Managing of Prepared queries. These queries allow making complex manipulations at Consul configuration and can be saved and performed later. Saved queries get a unique ID. With the help of the ID, the query can be made any time without a necessity of repeated preparation.
Session mechanism in Consul is used for building distributed locks. Sessions represent the binding layer between nodes, running checks and k/v-storage. Every session has a name and it can be saved in the storage. The name is used for locks in terms of sequential activities with nodes and services in concurrent mode. The mechanism of sessions work is described in Consul documentation.
This endpoint is used for receiving information on cluster status. Here it is possible to find out the current leader and receive information on cluster members.
Previously, we talked about equal load distribution with the help of DNS, and now we are going to observe the health check mechanism of nodes and services state. Health check is a periodical operation. According to its results, we can define the condition of the tested system. In fact, this is an automatic monitoring that keeps the cluster condition in working state, clears not working nodes and services, and returns them to work by rehabilitation. Consul supports several types of checks:
- Script check – running of a certain script on a certain node at predetermined intervals. According to escape code (any different from zero code means that the check fails) it turns on or turns off the node or service.
- HTTP Check – a check that is trying to get the stated URL, and according to the response code it turns on or off the testing object (any 2xx – is ok, code 429 Too Many Requests generates a warning, other codes report an error).
- TCP Check – a check that is trying to establish a tcp-connection with a predetermined interval to a determined address and port. Connection failure means that the check fails.
- TTL Check – a check that should be periodically updated by HTTP API. If a service doesn’t update this check in terms of a certain interval, it is indicated as non-working. This is a passive check. The service has to report the state of its work periodically. If in a predetermined interval there is no report, the check is considered failed.
- Docker Check – a check for services working in docker-containers. Consul, by using Docker Exec API, can run a script, located inside a container. The check result will depend on escape code (any different from zero means the check failure).
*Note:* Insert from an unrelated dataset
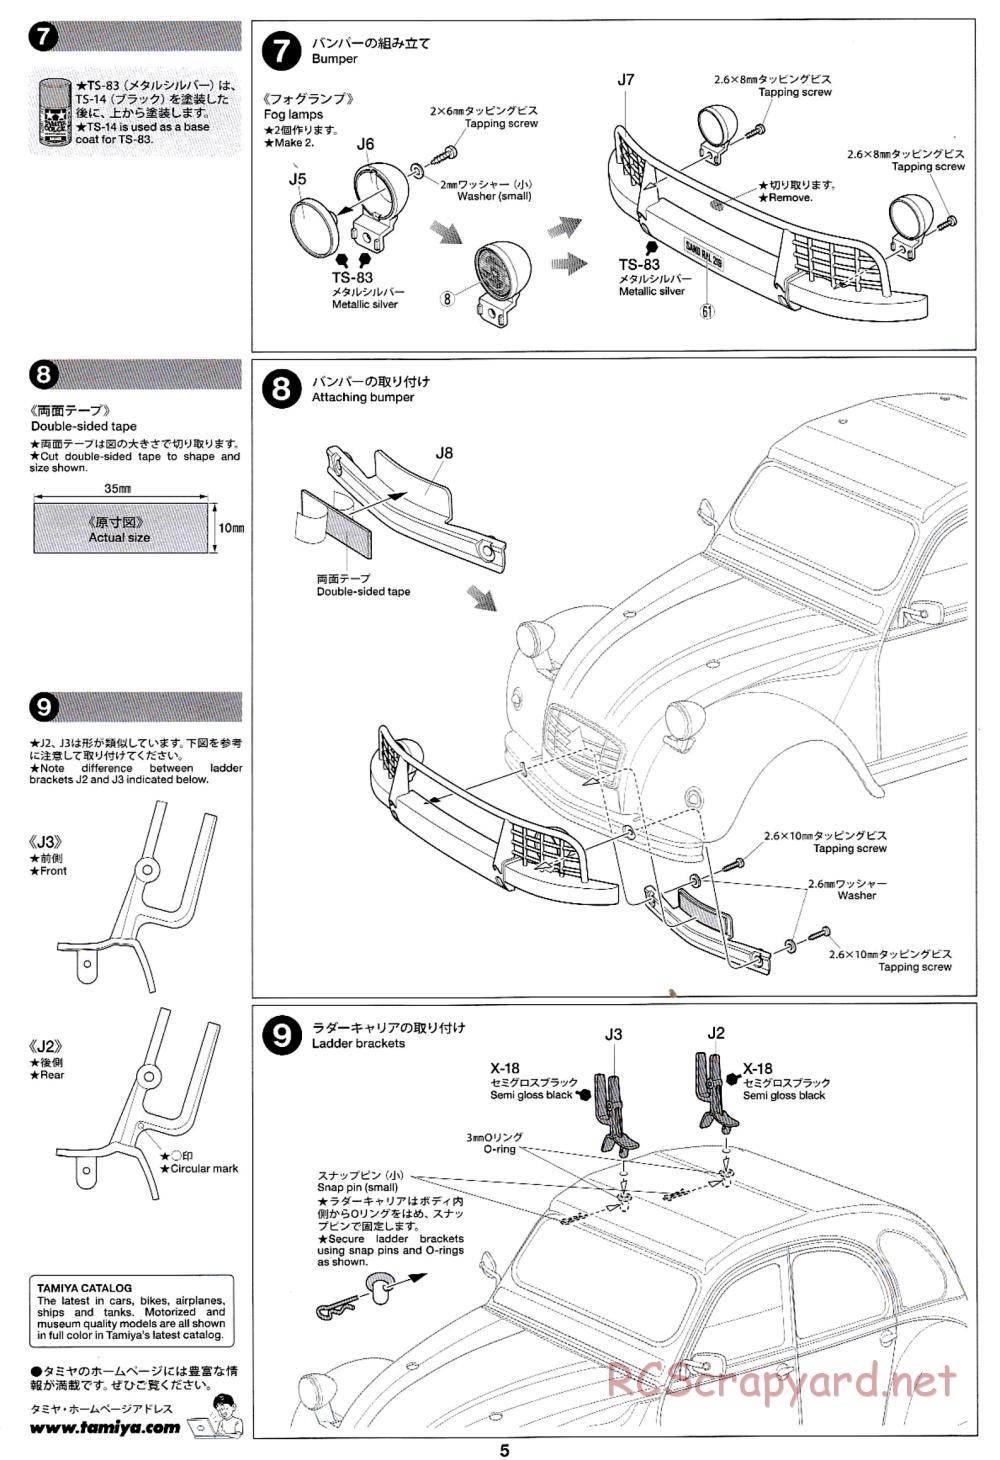 Tamiya - Citroen 2CV Rally - M-05Ra Chassis - Body Manual - Page 5

The storage provided by Consul is a distributed key-value database and can be used for saving any data, accessible for any cluster member (according to ACL rules, of course). Services can save in the storage data that is essential for another cluster’s members. It can be values of configuration options, some calculation results, or, as we stated above, k/v-storage can be used for distributed locks implementation with the help of session mechanism. Using k/v-storage allows us to make our cluster more effective and decrease the percentage of manual configuration. Services can correct their state according to the information in the storage provided by the cluster. Note: don’t save any data concerning business-logics of your services in this storage. The storage, provided by Consul, is used for keeping and distributing meta information on cluster members’ condition, but not for keeping data that cluster members are processing.
It is hard to overestimate the role of discovery-service in the process of building distributed architecture on big projects. Consul is the perfect choice for that role. The product is constantly developing and doesn’t forge ahead. Lots of useful functionality, necessary for easy support of the system with many components, was implemented. Besides, Consul is written in Go and is distributed as a single executable file, which makes the updating and support process very convenient.